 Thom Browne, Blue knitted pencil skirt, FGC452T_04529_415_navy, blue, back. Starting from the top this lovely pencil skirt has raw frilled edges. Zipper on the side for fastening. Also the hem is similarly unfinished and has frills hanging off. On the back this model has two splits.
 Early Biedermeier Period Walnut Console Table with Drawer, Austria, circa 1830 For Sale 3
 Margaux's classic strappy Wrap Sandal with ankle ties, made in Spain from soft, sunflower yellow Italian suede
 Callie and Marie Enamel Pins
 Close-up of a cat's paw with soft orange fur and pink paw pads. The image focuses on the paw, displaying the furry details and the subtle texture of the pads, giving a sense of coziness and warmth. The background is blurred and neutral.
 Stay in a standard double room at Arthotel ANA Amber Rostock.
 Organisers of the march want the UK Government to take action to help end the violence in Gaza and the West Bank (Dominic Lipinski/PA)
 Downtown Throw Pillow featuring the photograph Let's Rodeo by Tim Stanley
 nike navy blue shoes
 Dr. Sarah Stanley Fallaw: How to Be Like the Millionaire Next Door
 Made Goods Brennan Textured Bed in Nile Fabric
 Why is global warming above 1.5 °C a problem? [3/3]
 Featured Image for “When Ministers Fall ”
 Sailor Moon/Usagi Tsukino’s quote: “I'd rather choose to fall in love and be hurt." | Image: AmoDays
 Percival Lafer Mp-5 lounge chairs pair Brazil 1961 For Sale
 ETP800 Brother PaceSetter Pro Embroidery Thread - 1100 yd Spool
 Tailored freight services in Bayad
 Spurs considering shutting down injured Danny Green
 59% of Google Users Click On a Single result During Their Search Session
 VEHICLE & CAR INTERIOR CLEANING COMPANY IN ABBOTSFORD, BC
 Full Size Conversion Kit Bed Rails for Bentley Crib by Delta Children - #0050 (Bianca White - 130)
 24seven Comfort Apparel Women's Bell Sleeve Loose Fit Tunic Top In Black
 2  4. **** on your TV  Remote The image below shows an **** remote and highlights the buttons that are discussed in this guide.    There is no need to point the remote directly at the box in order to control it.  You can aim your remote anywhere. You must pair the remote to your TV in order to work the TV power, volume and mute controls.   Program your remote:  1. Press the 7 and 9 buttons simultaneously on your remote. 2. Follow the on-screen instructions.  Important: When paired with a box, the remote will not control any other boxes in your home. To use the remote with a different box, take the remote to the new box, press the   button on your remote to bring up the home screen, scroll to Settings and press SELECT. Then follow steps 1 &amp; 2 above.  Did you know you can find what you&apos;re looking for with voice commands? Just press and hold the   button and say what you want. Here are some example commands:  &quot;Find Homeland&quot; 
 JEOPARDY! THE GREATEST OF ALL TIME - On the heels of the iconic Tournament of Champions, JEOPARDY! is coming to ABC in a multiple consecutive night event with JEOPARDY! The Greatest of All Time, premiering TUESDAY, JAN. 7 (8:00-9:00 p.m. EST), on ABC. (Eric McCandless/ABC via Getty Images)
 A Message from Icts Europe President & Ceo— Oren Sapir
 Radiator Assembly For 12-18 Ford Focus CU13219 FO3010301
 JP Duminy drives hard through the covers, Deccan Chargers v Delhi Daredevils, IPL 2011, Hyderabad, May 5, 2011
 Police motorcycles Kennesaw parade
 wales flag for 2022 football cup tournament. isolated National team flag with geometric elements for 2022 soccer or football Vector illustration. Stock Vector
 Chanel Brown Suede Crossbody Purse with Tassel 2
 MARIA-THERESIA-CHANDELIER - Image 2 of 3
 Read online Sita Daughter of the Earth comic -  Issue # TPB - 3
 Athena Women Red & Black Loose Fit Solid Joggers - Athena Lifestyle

### WHAT IS BEING ASKED
Throughout the records, the word "Stanley" shows up on certain lines. Report how many lines, with only the number.

### OUTPUT OF THE TASK
2